== Activity ==
Nothing other than the lines from the one containing "Published 1934" through the last line of the data below should be output, each reproduced exactly.

== Items listed in a dataset ==
·····

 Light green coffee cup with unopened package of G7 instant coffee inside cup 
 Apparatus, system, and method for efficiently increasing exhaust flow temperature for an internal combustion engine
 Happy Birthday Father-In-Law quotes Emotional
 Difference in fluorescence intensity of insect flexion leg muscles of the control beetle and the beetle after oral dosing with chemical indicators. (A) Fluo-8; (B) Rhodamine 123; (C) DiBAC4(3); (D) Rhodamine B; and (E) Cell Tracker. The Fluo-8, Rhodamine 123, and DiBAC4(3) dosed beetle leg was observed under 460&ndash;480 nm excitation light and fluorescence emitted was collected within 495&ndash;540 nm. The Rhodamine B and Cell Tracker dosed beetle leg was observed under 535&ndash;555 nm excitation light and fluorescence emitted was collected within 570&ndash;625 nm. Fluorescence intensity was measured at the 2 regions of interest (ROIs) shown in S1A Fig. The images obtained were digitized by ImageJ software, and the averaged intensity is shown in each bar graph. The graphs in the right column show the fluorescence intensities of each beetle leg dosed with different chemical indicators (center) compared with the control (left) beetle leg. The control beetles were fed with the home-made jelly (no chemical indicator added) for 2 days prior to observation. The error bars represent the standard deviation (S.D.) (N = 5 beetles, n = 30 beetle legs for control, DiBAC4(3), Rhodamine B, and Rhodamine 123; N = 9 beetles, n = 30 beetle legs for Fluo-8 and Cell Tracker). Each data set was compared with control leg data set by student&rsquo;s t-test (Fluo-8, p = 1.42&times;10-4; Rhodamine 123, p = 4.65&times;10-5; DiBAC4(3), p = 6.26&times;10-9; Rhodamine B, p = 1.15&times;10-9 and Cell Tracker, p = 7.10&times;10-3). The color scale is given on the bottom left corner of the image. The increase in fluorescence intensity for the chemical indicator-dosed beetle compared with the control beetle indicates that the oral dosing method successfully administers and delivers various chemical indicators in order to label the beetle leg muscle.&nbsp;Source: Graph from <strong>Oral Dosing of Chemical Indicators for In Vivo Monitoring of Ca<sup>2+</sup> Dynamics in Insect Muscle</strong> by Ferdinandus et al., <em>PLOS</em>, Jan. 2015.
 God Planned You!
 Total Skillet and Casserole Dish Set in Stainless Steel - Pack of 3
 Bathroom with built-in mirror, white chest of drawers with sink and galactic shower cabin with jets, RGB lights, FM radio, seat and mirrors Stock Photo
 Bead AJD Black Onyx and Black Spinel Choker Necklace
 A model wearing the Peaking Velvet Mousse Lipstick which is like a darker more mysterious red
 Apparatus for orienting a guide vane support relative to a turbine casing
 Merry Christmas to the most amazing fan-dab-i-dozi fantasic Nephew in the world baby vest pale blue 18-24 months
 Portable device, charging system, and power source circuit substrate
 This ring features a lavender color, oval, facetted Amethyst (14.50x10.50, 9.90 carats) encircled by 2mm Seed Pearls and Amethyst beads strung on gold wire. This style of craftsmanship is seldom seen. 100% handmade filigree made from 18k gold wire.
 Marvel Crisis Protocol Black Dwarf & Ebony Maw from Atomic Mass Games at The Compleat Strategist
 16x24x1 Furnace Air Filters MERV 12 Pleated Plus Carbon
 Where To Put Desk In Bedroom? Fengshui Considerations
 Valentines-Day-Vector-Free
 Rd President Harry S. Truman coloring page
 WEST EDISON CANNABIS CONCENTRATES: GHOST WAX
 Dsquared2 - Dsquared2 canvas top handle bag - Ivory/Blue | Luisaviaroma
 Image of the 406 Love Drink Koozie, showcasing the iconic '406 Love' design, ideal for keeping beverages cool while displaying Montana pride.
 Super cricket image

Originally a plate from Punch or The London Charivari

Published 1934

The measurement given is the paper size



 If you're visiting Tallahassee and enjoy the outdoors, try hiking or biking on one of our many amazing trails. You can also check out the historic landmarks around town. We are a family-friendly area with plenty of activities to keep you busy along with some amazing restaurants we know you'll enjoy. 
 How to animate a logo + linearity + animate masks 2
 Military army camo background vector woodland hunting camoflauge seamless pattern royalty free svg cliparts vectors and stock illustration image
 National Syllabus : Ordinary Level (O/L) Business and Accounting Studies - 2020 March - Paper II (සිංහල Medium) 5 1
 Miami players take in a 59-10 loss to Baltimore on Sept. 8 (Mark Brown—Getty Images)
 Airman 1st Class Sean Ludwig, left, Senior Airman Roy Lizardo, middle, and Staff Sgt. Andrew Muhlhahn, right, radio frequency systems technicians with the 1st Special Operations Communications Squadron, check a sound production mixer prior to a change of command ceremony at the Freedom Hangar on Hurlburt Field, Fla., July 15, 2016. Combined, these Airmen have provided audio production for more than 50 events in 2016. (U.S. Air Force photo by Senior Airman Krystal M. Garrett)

·····

== Solution for this exercise ==
Published 1934

The measurement given is the paper size



 If you're visiting Tallahassee and enjoy the outdoors, try hiking or biking on one of our many amazing trails. You can also check out the historic landmarks around town. We are a family-friendly area with plenty of activities to keep you busy along with some amazing restaurants we know you'll enjoy. 
 How to animate a logo + linearity + animate masks 2
 Military army camo background vector woodland hunting camoflauge seamless pattern royalty free svg cliparts vectors and stock illustration image
 National Syllabus : Ordinary Level (O/L) Business and Accounting Studies - 2020 March - Paper II (සිංහල Medium) 5 1
 Miami players take in a 59-10 loss to Baltimore on Sept. 8 (Mark Brown—Getty Images)
 Airman 1st Class Sean Ludwig, left, Senior Airman Roy Lizardo, middle, and Staff Sgt. Andrew Muhlhahn, right, radio frequency systems technicians with the 1st Special Operations Communications Squadron, check a sound production mixer prior to a change of command ceremony at the Freedom Hangar on Hurlburt Field, Fla., July 15, 2016. Combined, these Airmen have provided audio production for more than 50 events in 2016. (U.S. Air Force photo by Senior Airman Krystal M. Garrett)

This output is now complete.